As pessoas eram pequenas, mas faziam muito ruído. E diziam: é o meu inferno, é
o meu paraíso. E não devemos malquerer às mitologias assim, porque são das
pessoas, e neste assunto de pessoas, amá-las é que é bom. E então a gente ama
as mitologias delas. À parte isso o lugar era execrável. As pessoas chiavam
como ratos, e pegavam nas coisas e largavam-nas, e pegavam umas nas outras e
largavam-se. Diziam: boa tarde, boa noite. E agarravam-se, e iam para a cama
umas com as outras, e acordavam. Às vezes acordavam no meio da noite e
agarravam-se freneticamente. Tenho medo - diziam. E depois amavam-se depressa,
e lavavam-se, e diziam: boa noite, boa noite. Isto era uma parte da vida delas,
e era uma das regiões (comovedoras) da sua humanidade, e o que é humano é
terrível e possui uma espécie de palpitante e ambígua beleza. E então a gente
ama isto, porque a gente é humana, e amar é bom, e compreender, claro, etc. E
no tal lugar, de manhã, as pessoas acordavam. Bom dia, bom dia. E desatavam a
correr. É o meu inferno, o meu paraíso, vai ser bom, vai ser horrível, está a
crescer, faz-se homem. E a gente então comove-se, e apoia, e ama. Está mais
gordo, mais magro. E o lugar começa a ser cada vez mais um lugar, com as casas
de várias cores, as árvores, e as leis, e a política. Porque é preciso mudar o
inferno, cheira mal, cortaram a água, as pessoas ganham pouco – e que fizeram da dignidade humana? As
reivindicações são legítimas. Não queremos este inferno. Dêem-nos um pequeno
paraíso humano. Bom dia, como está? Mal, obrigado. Pois eu ontem estive a falar
com ela, e ela disse: sou uma mulher honesta. E eu então fui para o emprego e
trabalhei, e agora tenho algum dinheiro, e vou alugar uma casa decente, e nosso
filho há-de ser alguém na vida. E então a gente ama, porque isto é a verdadeira
vida, palpita bestialmente ali, isto é que é a realidade, e todos juntos, e
abaixo a exploração do homem pelo homem. E era intolerável. Ouvimos dizer que
numa delas, o pequeno inferno começou a aumentar por dentro, e ela pôs-se
silenciosa e passava os dias a olhar para as flores, até que elas secavam, e
ficava somente a jarra com os caules secos e água podre. Mas o silêncio
tornava-se tão impenetrável que os gritos dos outros, e a solícita ternura, e a
piedade em pânico – batiam ali e resvalavam. E então a beleza florescia naquele
rosto, uma beleza fria e quieta, e o rosto tinha uma luz especial que vinha de
dentro como a luz do deserto, e aquilo não era humano - diziam as pessoas.

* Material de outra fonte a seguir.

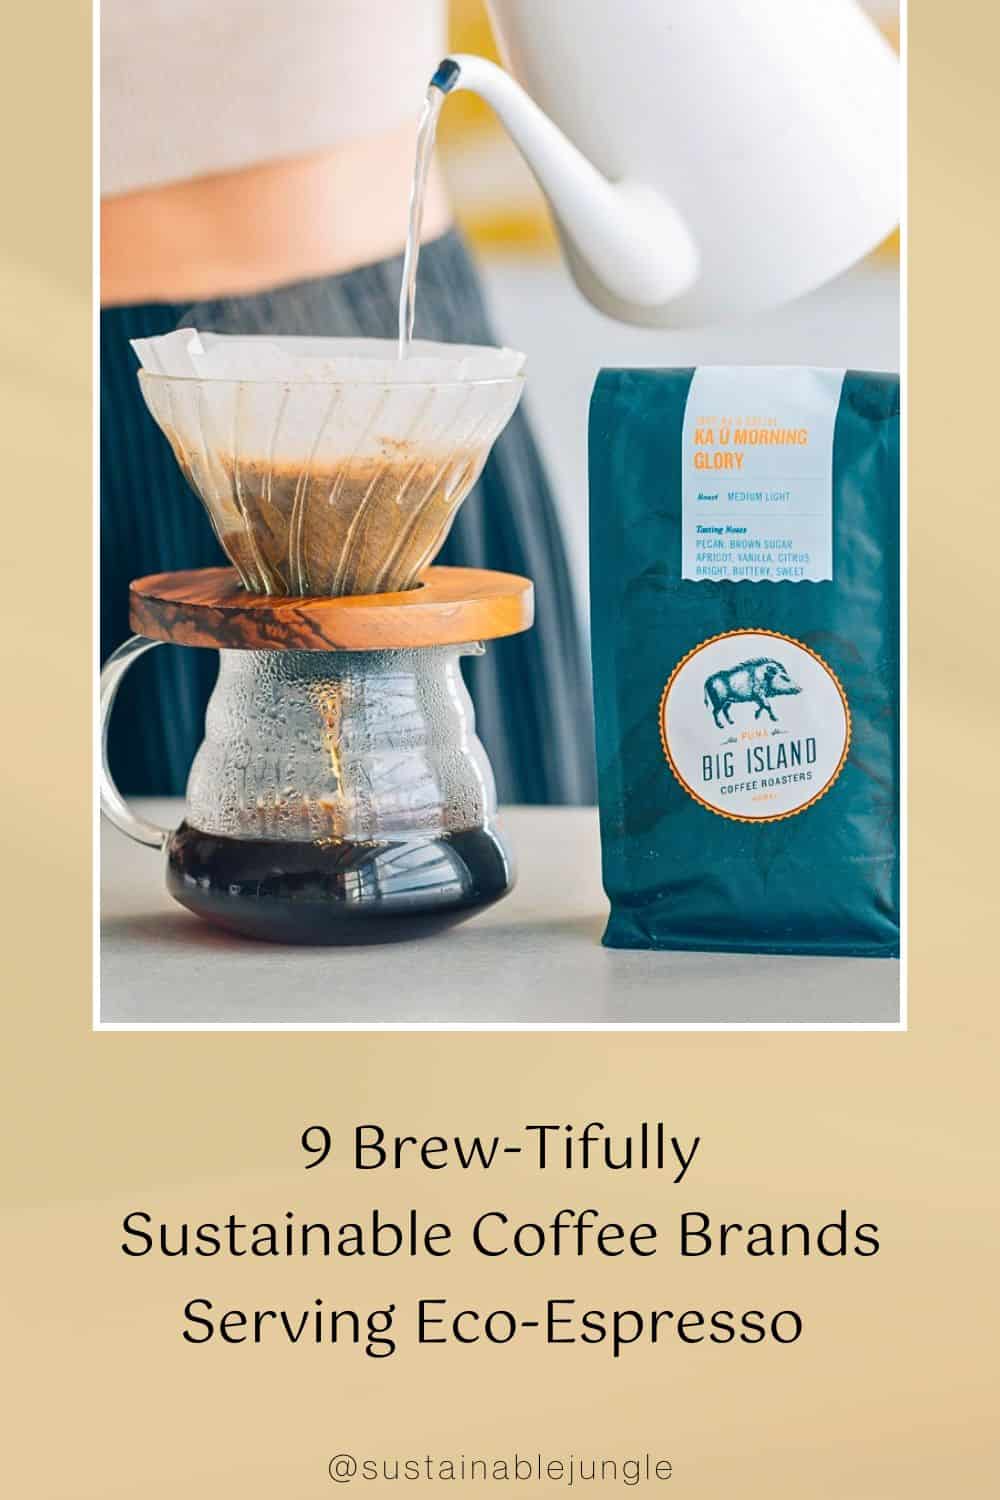 9 Brew-Tifully Sustainable Coffee Brands Serving Eco-Espresso Image by Big Island Coffee Roasters #sustainablecoffeebrands #sustaianblecoffeebeans #ethicalcoffeebrands #ecofriendlycoffee #ethicalcoffeecompanies #ethicalbeancoffee #sustainablejungle

Temos medo - pensavam. E o ruído delas caminhava para trás, e as casas amorteciam-se
ao pé dos jardins, mas é preciso continuar a viver. E havia o progresso. Eu
tenho aqui, meus senhores, uma revolução. Desejam examinar? Por este lado, se
fazem favor. Aí à direita. Muito bem. Não é uma boa revolução? Bem,
compreende... claro, é uma belíssima revolução. E é barata? Uma revolução
barata?! Não, senhores, esta é uma verdadeira revolução. Algumas vidas, alguns
sacrifícios, alguns anos, algumas. É um bocado cara. Mas de boa qualidade,
isso. E o rosto que se perdera, que possivelmente caíra do corpo e rolara
debaixo das mesas, o rosto? Lembras-te? Como foi que ficou assim? Não sei:
tinha uma luz. Sim, lembro-me: parecia uma flor que apodrecesse friamente. Era
terrível. Boa noite. E ela trazia um vestido de seda branca, e nesse dia fazia dezoito
anos, e estava queimada pelo sol, e era do signo da balança, e tomou os
comprimidos todos, e acabou-se. Não compreendo. E julgas tu que eu compreendo? Quem
pode compreender? Ela era a própria força, aquela irradiante virtude da
alegria, aquele fulgor radical..., compreendes? Sim, sim. Tinha um vestido de
seda, e era nova, e então acabou-se. Para diante, para diante. Não se deve
parar. Enforquem-nos, a esses malditos banqueiros. Este vai ter trinta e cinco
andares, será o mais alto da cidade. Por pouco tempo, julgo eu. Como? Sim, vão
construir um com trinta e seis, ali à frente. Remodelemos o ensino. Cantemos
aquela canção que fala da flor da tília. Bebamos um pouco. E outro, o que viu
Deus quando ia para o emprego?! Isto, imagine, às 8 h. e 45 m. de uma tranquila
manhã de Março. Uma partida de Deus? Boa piada. Não amará Deus essas maliciosas
surpresas? Um pequeno Deus folgazão?! Ele ficou doido. Começou a gritar e a
fugir. Que Deus vinha atrás dele. E depois? Bem, lá construíram o prédio com
trinta e seis andares, e o outro ficou em segundo lugar. Isto é o trabalho do
homem: pedra sobre pedra. É belo. Vamos amar isto? Vamos, é humano, é do homem.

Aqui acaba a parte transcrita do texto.